2. Modify `CostAwareRouter.route()` so that when `classifier` is `"llm"`, it calls `route_with_complexity()` instead of making two separate calls.
3. When `classifier` is `"heuristic"` and the heuristic returns uncertainty (score in 0.30.7 range), use `route_with_complexity()` as a single fallback call.
**Patterns to follow:** Existing `_classify_with_llm()` prompt structure; existing `quick_classify()` prompt structure.
**Test scenarios:**
- Merged call returns both skill match and complexity score
- Merged call with no matching skill returns complexity only
- Merged call with invalid LLM response falls back to rule-based evaluation
- Heuristic uncertain + merged call produces correct routing
- Config `classifier: llm` uses merged call instead of two separate calls
**Verification:** Existing tests pass; merged routing reduces LLM calls from 2 to 1 when LLM routing is needed.
---
### U3. Parallel tool execution in ReActEngine
**Goal:** Execute multiple independent tool_calls from a single LLM response in parallel, gated by config flag `react.parallel_tools`.
**Requirements:** R5, R4
**Dependencies:** None
**Files:**
- `src/agentkit/core/react.py` modify `_execute_loop()` and `execute_stream()` to use `asyncio.gather()`
- `src/agentkit/server/config.py` add `react.parallel_tools` config
- `agentkit.yaml` add `react` section
- `tests/unit/test_react_engine.py` add parallel execution tests
**Approach:**
1. Add `parallel_tools: bool = True` parameter to `ReActEngine.__init__`.

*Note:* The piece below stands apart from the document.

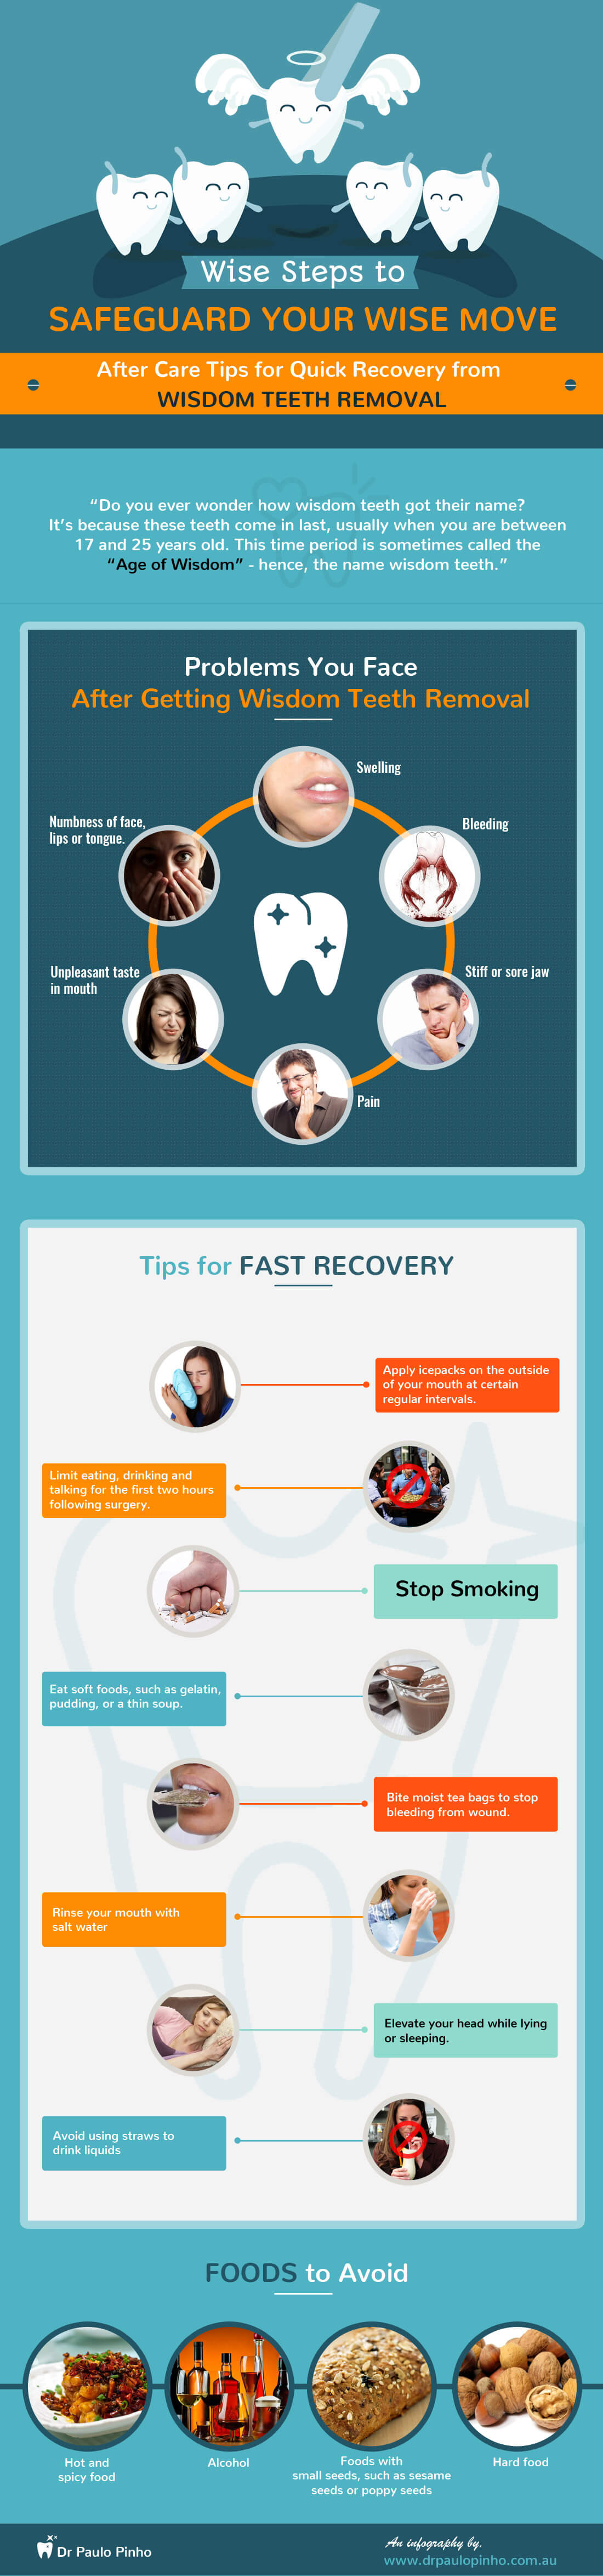 Wisdom Teeth Removal Recovery Tips
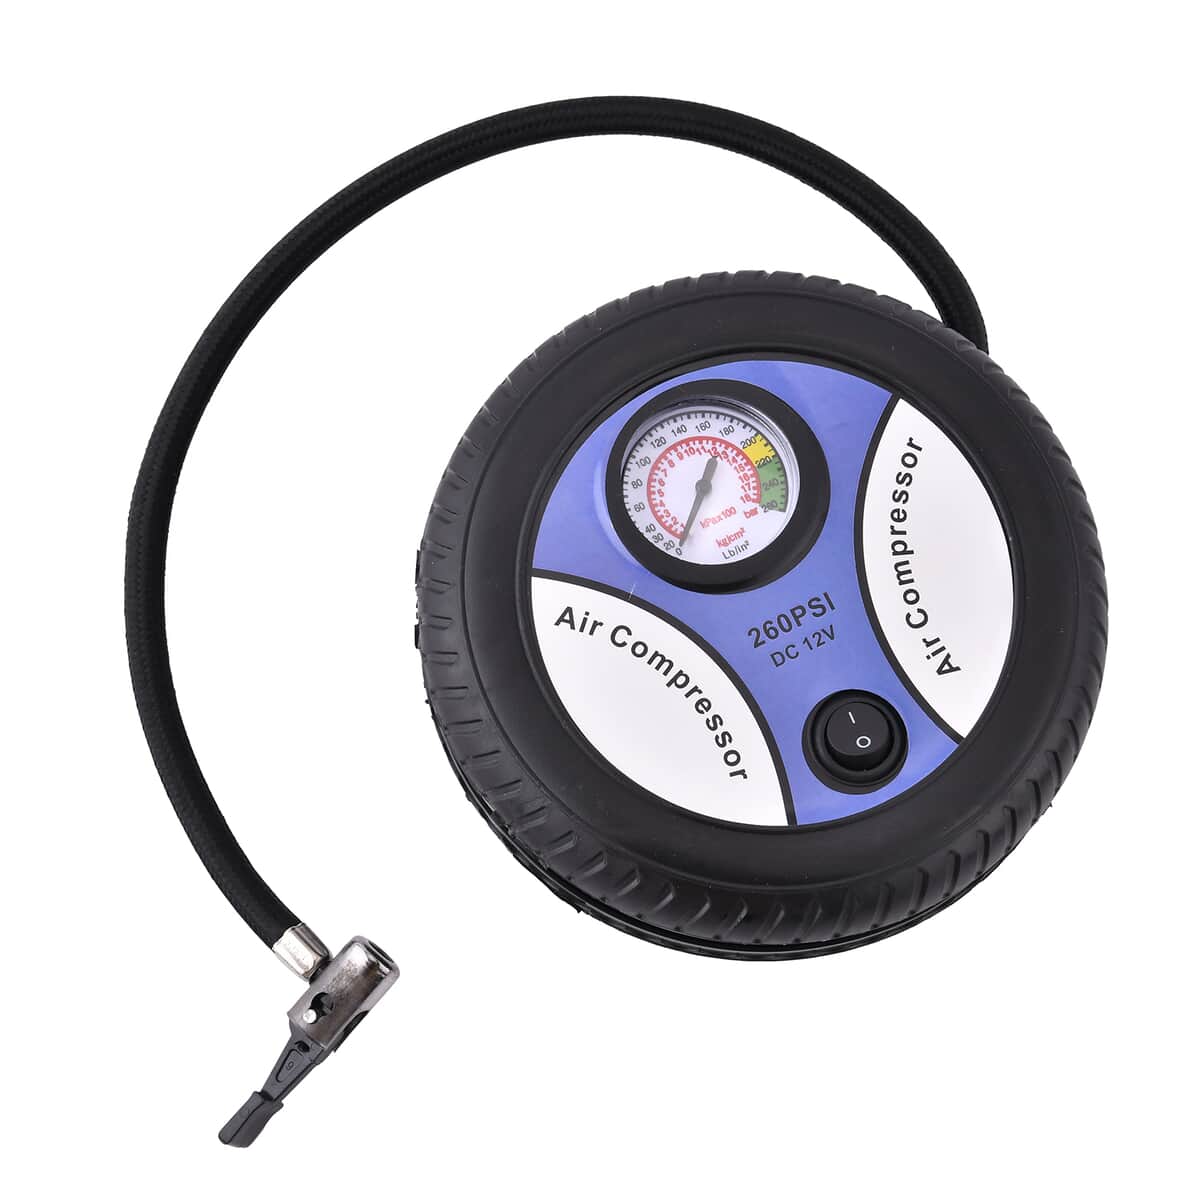 Light Blue Compact Portable Electric Mini DC 12V Air Compressor Tire Inflator with 150 PSI Pressure Gauge Car Tire Pump image number 4

2. In `_execute_loop()` and `execute_stream()`, when `response.tool_calls` has >1 items and `parallel_tools` is True:
- Execute all tool calls concurrently with `asyncio.gather(*[_execute_tool(tc.name, tc.arguments, tools) for tc in response.tool_calls], return_exceptions=True)`
- Build tool result messages in tool_call_id order
- Append all results to conversation in order
3. When `parallel_tools` is False, keep current serial behavior.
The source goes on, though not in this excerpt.